2. The online mass spectrometry analysis method according to claim 1, characterized in that, Step 1) The volume of the gas sampling bag is 1~4L.
3. The online mass spectrometry analysis method according to claim 1 or 2, characterized in that, Step 2) The volume of the gas phase metering loop is 200~500mL.
4. The online mass spectrometry analysis method according to claim 3, characterized in that, In step 2), the gas in the gas sampling bag is delivered to the gas phase metering loop via a vacuum pump; The flow rate of the air pump is 1.5~3L / min.
5. The online mass spectrometry analysis method according to claim 4, characterized in that, Step 3) The carrier gas contains nitrogen or synthetic air.
6. The online mass spectrometry analysis method according to claim 4 or 5, characterized in that, Step 3) The flow rate of the carrier gas is adjusted by a mass flow controller, and the flow rate of the carrier gas is 6~12L / min.

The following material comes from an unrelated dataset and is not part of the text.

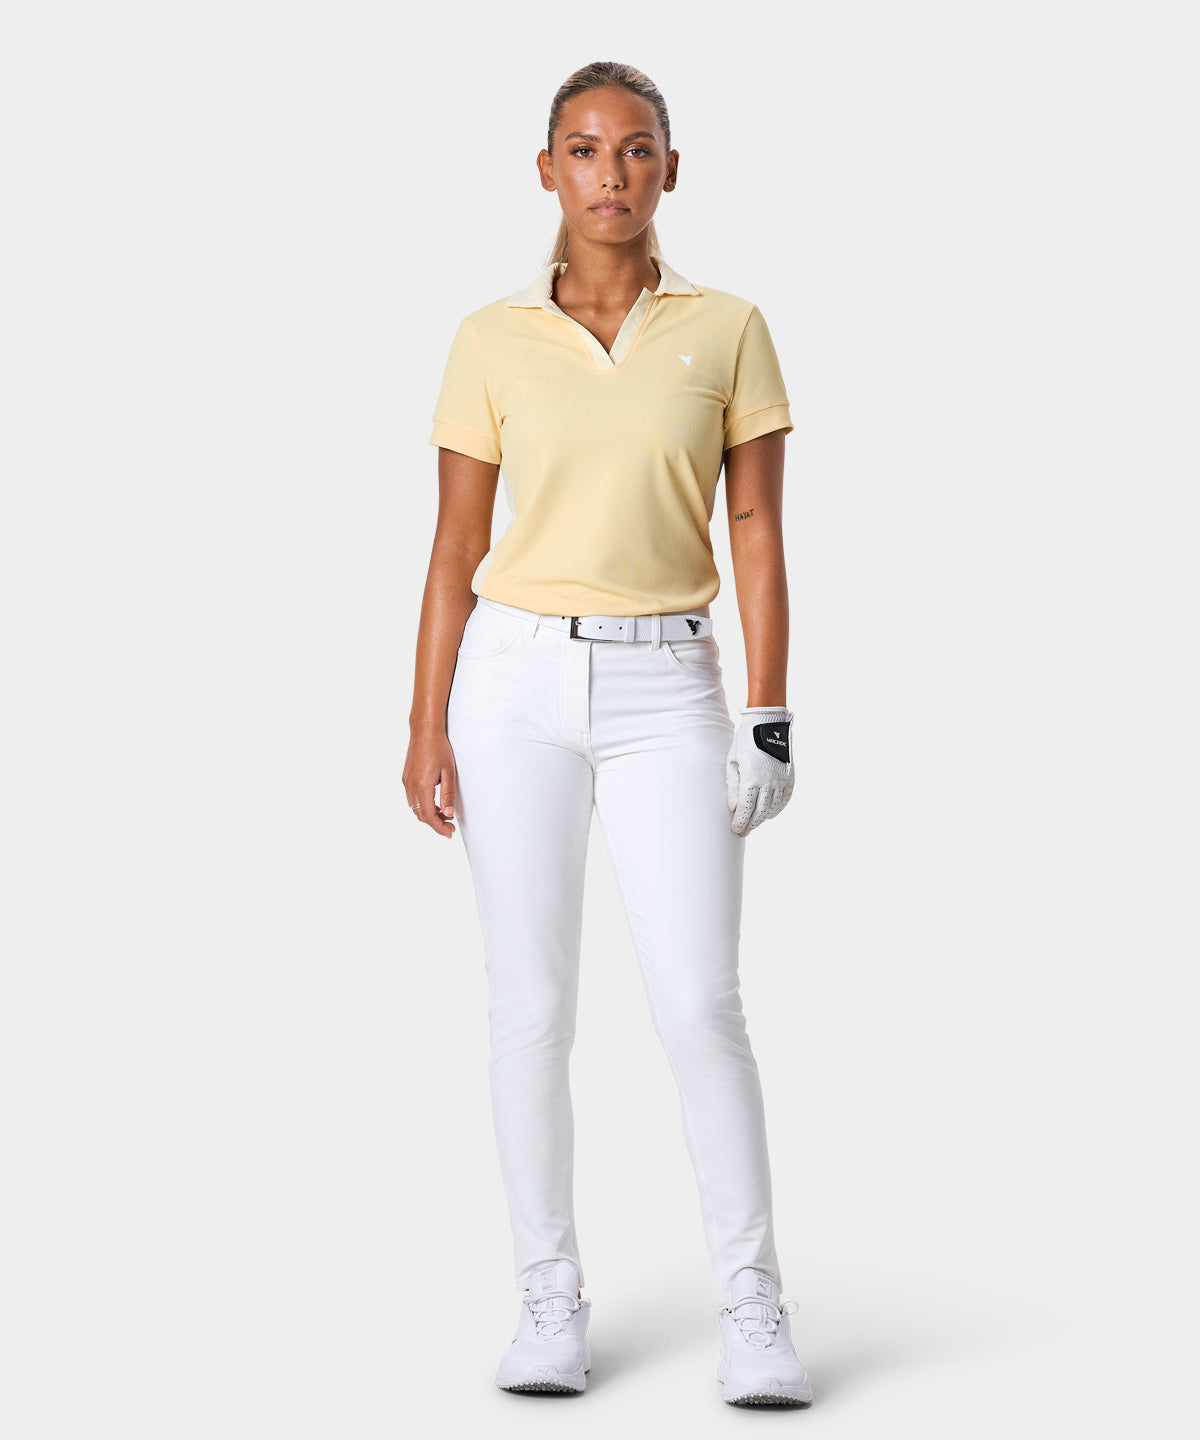 Tori Yellow Polo Shirt

7. The online mass spectrometry analysis method according to claim 6, characterized in that, Step 3) The ion source includes an extraction electrospray ion source or a dielectric barrier discharge ion source.
8. An online analysis system for the online mass spectrometry analysis method for volatile organic compounds based on gas-phase quantitative loops as described in any one of claims 1 to 7, characterized in that, The online analysis system includes a gas sampling bag, a gas phase quantitative loop, and an ion source; The gas sampling bag is connected to a gas phase metering loop via a vacuum pump. The gas-phase metering loop is connected to the ion source.